Retries & Error Handling
Defaults
Section titled “Defaults”Every schedule and job has two retry-related fields:
| Field | Default | Description |
|---|---|---|
max_retries | 3 | Number of retry attempts after first failure. 0 disables retries. |
timeout | 30 | Seconds before an execution is considered timed out. |
Set these per schedule or per job at creation time, or update them on an existing schedule via PATCH.
What triggers a retry
Section titled “What triggers a retry”| Event | Retries? | Why |
|---|---|---|
| Push: endpoint returns 5xx | Yes | Server error, likely transient |
| Push: endpoint times out | Yes | May be temporary overload |
| Push: network error (DNS, connection refused) | Yes | Infrastructure issue, likely transient |
| Push: endpoint returns 4xx | No | Client error. Won’t fix itself on retry |
| Pull: handler throws an error | Yes | Reported as failure, retry scheduled |
| Pull: lease expires (no result reported) | Yes | Worker may have crashed |
| Retries exhausted | No | Job transitions to failed permanently |
Backoff formula
Section titled “Backoff formula”Retries use exponential backoff with jitter, capped at 1 hour:
baseDelay = min(1000ms × 2^(attempt - 1), 3,600,000ms)jitter = random(0, baseDelay)delay = min(baseDelay + jitter, 3,600,000ms)| Attempt | Base delay | Actual range |
|---|---|---|
| 1 | 1s | 1-2s |
| 2 | 2s | 2-4s |
| 3 | 4s | 4-8s |
| 4 | 8s | 8-16s |
| 5 | 16s | 16-32s |
| 10 | ~17 min | 17-34 min |
| 13+ | 1 hour | exactly 1 hour (capped) |
The jitter prevents thundering-herd when many jobs fail simultaneously.
The retry flow
Section titled “The retry flow”Execution fails │ ├── Retries remaining? ──▶ Yes: schedule new execution after backoff delay │ Job status → retrying │ New execution created with trigger: system_retry │ └── Retries exhausted? ──▶ Job status → failed (terminal)Each retry creates a new execution. ctx.attempt tells your handler which attempt this is (1-indexed).
Configuring retries
Section titled “Configuring retries”Disable retries entirely
Section titled “Disable retries entirely”{ "name": "Fire-and-forget notification", "handler": "notify", "cron": "0 * * * *", "max_retries": 0}Increase retries for critical work
Section titled “Increase retries for critical work”{ "name": "Monthly billing", "handler": "charge-customer", "cron": "0 0 1 * *", "max_retries": 8, "timeout": 60}With 8 retries, the final attempt happens roughly 4–8 hours after the first failure (due to exponential backoff).
Per-job override
Section titled “Per-job override”One-off jobs can have different retry settings than their schedule pattern:
curl -X POST https://api.chronos.sh/v1/jobs \ -H "Authorization: Bearer chrns_your_api_key" \ -H "Content-Type: application/json" \ -d '{ "name": "Critical charge", "handler": "charge-customer", "max_retries": 10, "timeout": 120, "payload": { "invoiceId": "inv_123" } }'Timeout behavior
Section titled “Timeout behavior”Push delivery
Section titled “Push delivery”If your endpoint doesn’t respond within timeout seconds, Chronos aborts the request and marks the execution as timeout.

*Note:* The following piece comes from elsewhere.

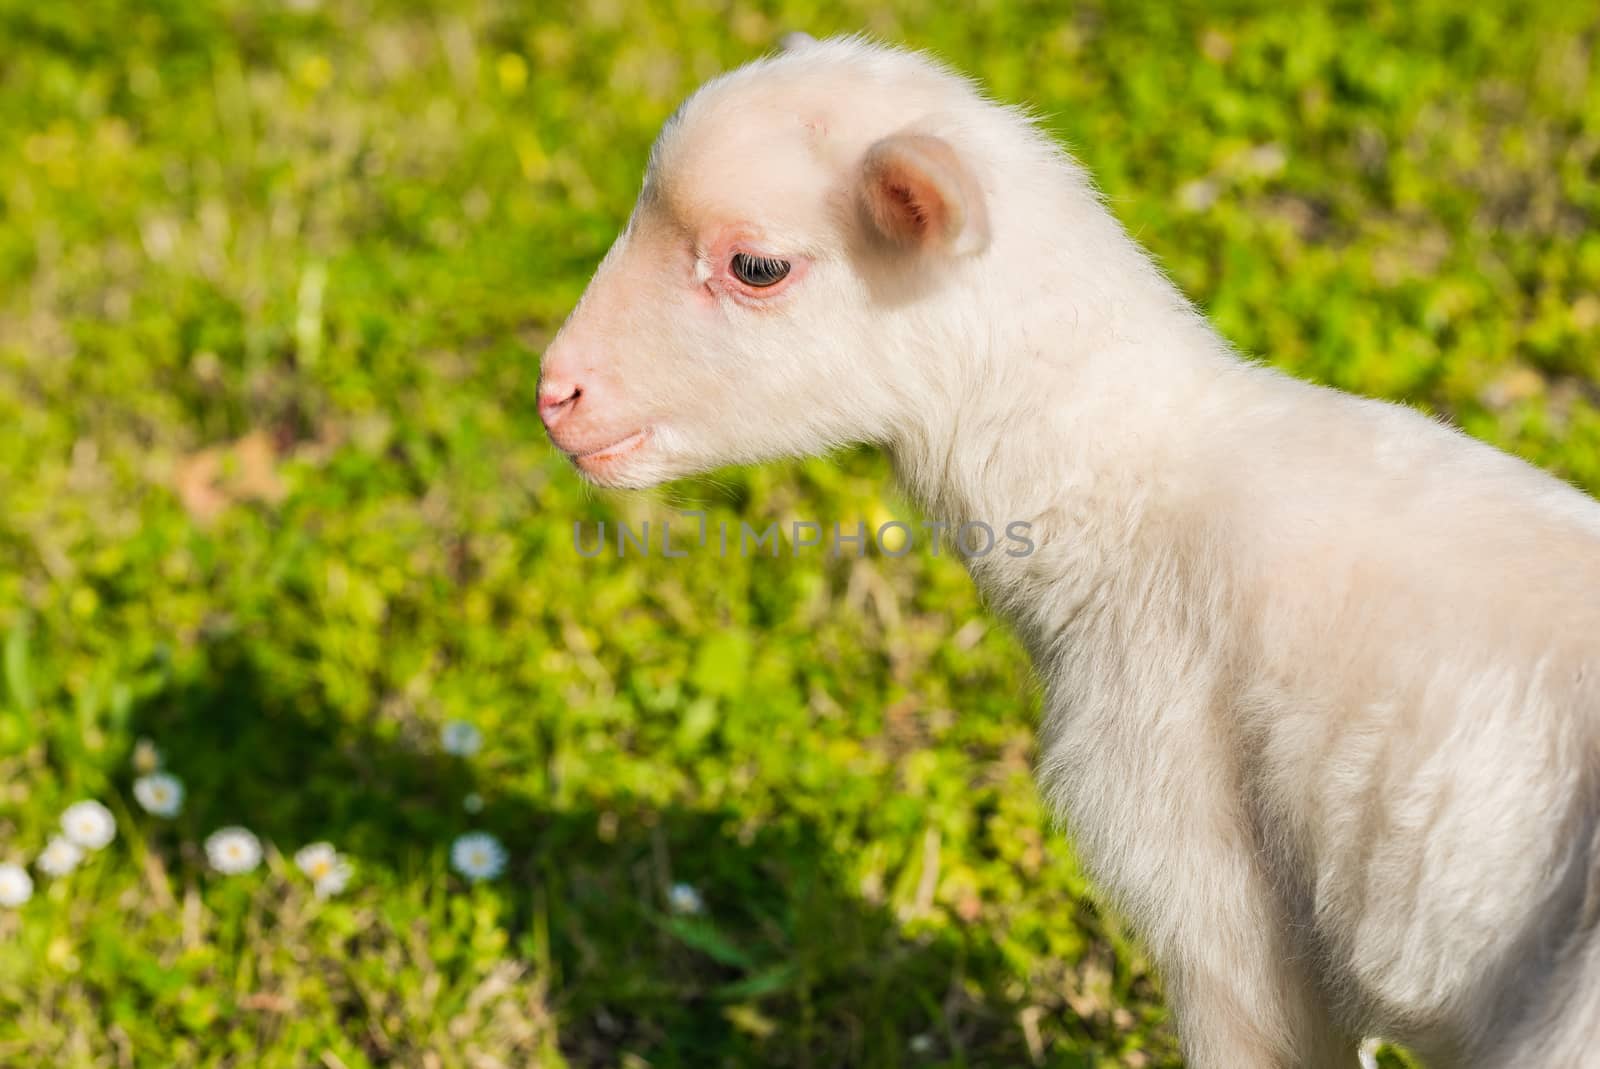 Little lamb at springtime on green grass field

A retry is scheduled if attempts remain.
Pull delivery
Section titled “Pull delivery”The SDK does not enforce timeouts. Your handler runs as long as it needs. However, Chronos tracks a lease on the server:
- When a job is claimed, a lease is set:
lease_expires_at = now + timeout - A background sweep checks for expired leases every 30 seconds
- If the lease expired without a result, the execution is marked
timeout - A retry is scheduled if attempts remain
If your handler routinely takes longer than 30 seconds, increase timeout so the lease doesn’t expire while you’re still working.

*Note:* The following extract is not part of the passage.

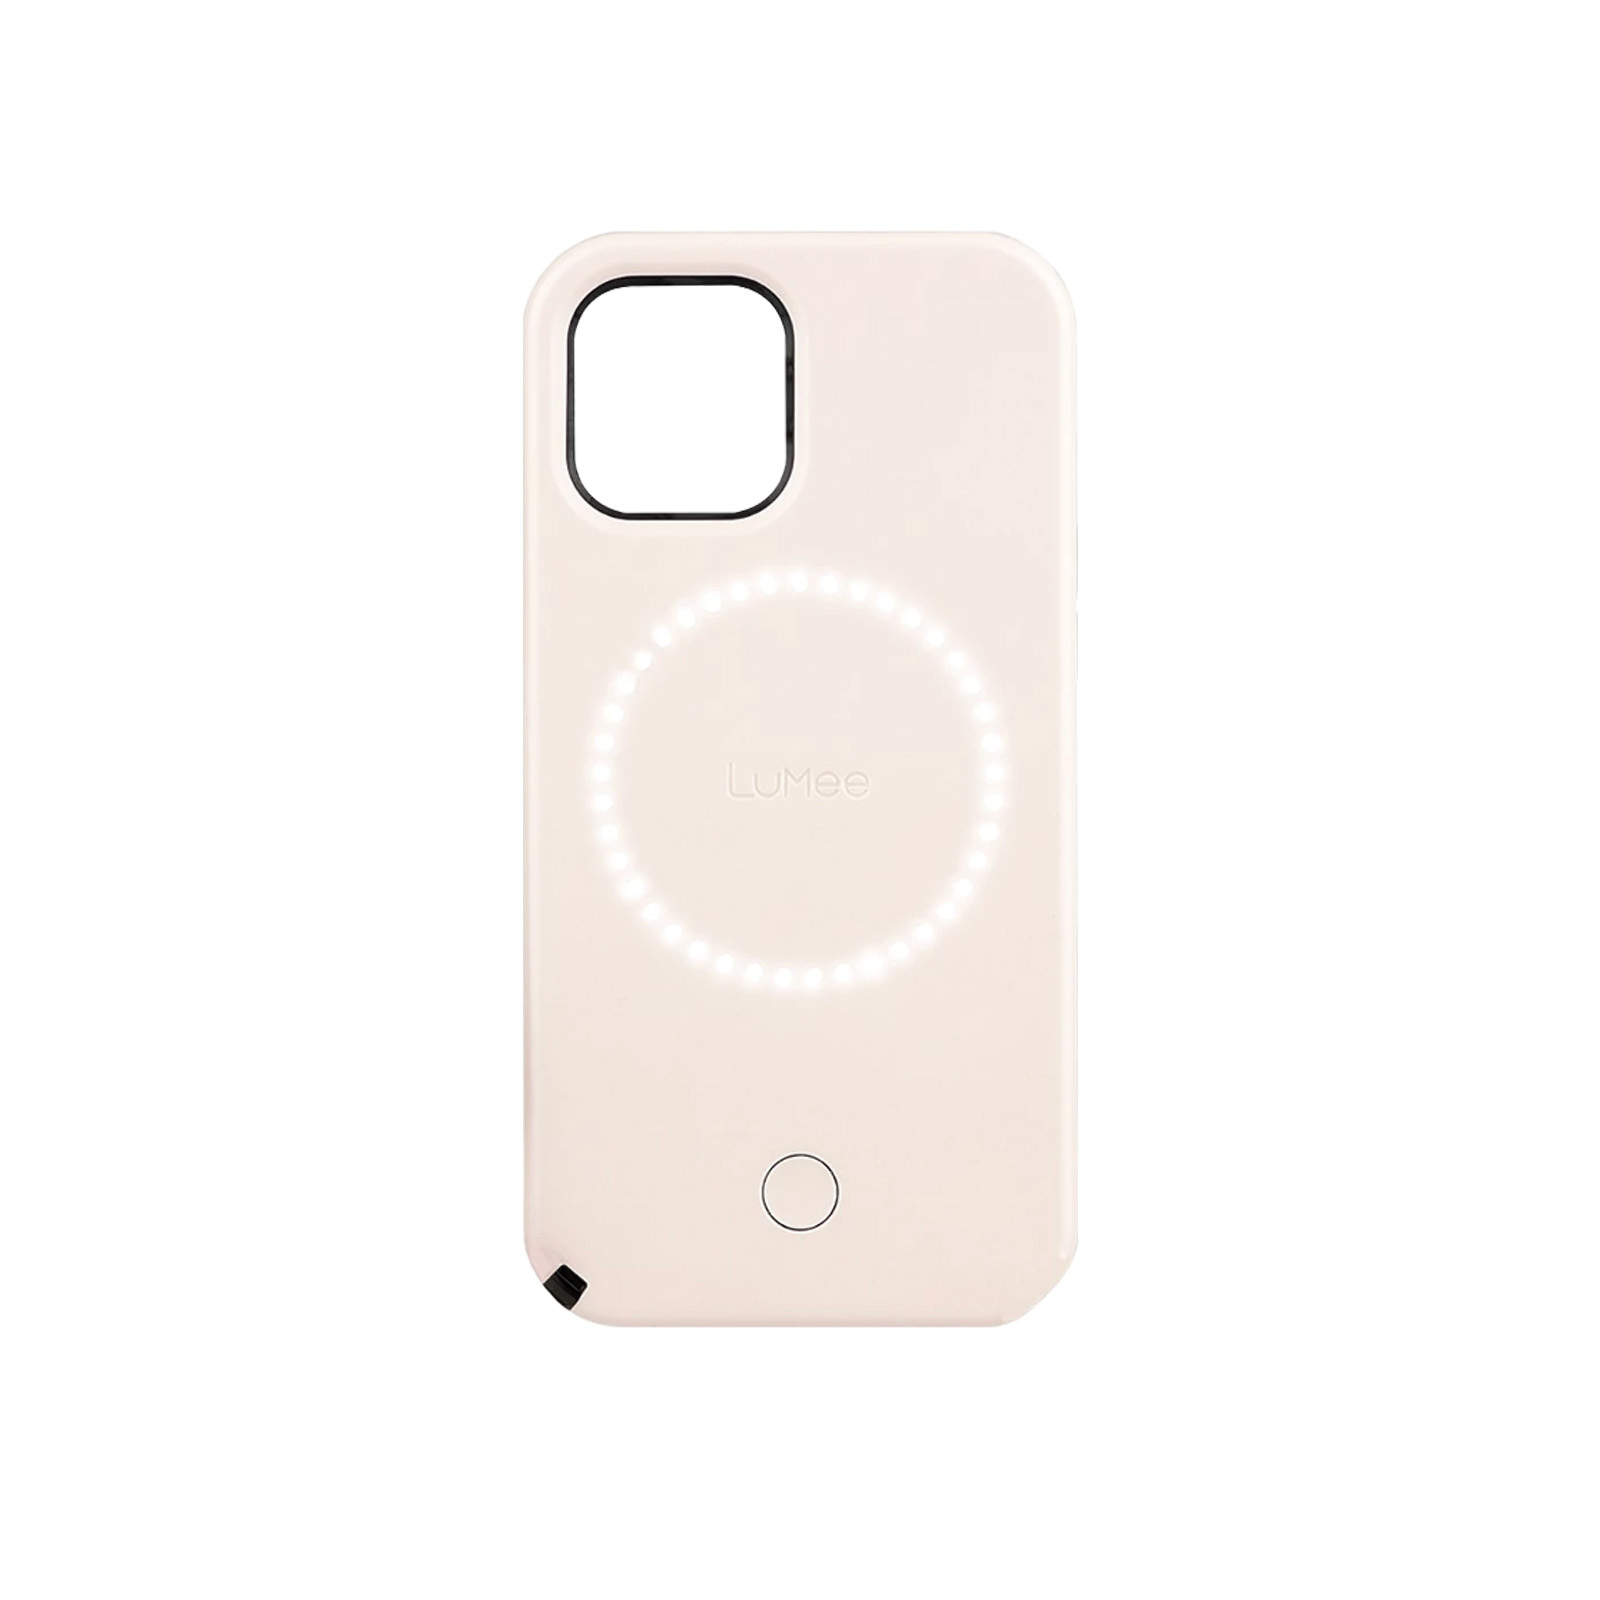 Lumee iPhone 12 Mini]Duo Millenial Pink Case]

Handling errors in SDK handlers
Section titled “Handling errors in SDK handlers”Your handler’s behavior determines the execution outcome:
chronos.worker.handle('process-payment', async (ctx) => { // Throw to trigger a retry (if attempts remain) const result = await chargeCustomer(ctx.payload.customerId); if (!result.success) { throw new Error(`Charge failed: ${result.error}`); }
// Return to mark as completed return { chargeId: result.id };});- Return a value (or void) → execution
completed - Throw an error → execution
failed, error message captured (truncated to 4KB), retry scheduled if attempts remain
Distinguish retryable vs terminal failures
Section titled “Distinguish retryable vs terminal failures”If you know a failure is permanent (bad data, invalid state), you might want to avoid wasting retries. Since Chronos always retries on handler failure (until exhausted), design your handler to handle terminal cases gracefully:
chronos.worker.handle('send-email', async (ctx) => { const user = await db.users.findById(ctx.payload.userId);
// Terminal: user deleted — no point retrying if (!user) { console.warn(`User ${ctx.payload.userId} not found, skipping`); return { skipped: true, reason: 'user_not_found' }; }
// This might throw on transient network issues → retry is appropriate await emailService.send(user.email, ctx.payload.template); return { sent: true };});SDK error classes
Section titled “SDK error classes”When building around the SDK, these error types help you handle different failure modes:
| Error | When | Your action |
|---|---|---|
ChronosConfigError | Invalid options at construction | Fix your config. Thrown at startup |
ChronosApiError | API returned an error (non-2xx or success: false) | Check .status and .code |
ChronosNetworkError | Fetch failed (DNS, TCP, TLS) | Transient. SDK retries poll automatically |
ChronosHandlerError | Your handler threw | Logged internally, failure reported to API |
The SDK handles poll-loop errors internally (logs + retries after retryDelayMs). You don’t need to catch these. The worker keeps running.
Monitoring failures
Section titled “Monitoring failures”Use the executions list endpoint to find failed jobs:
curl "https://api.chronos.sh/v1/executions?status=failed" \ -H "Authorization: Bearer chrns_your_api_key"Each failed execution includes:
error: the error message (from your handler’s thrown error or the HTTP response)response_code: HTTP status code (push delivery only)duration_ms: how long the execution ran before failingtrigger:system(first attempt) orsystem_retry(retry)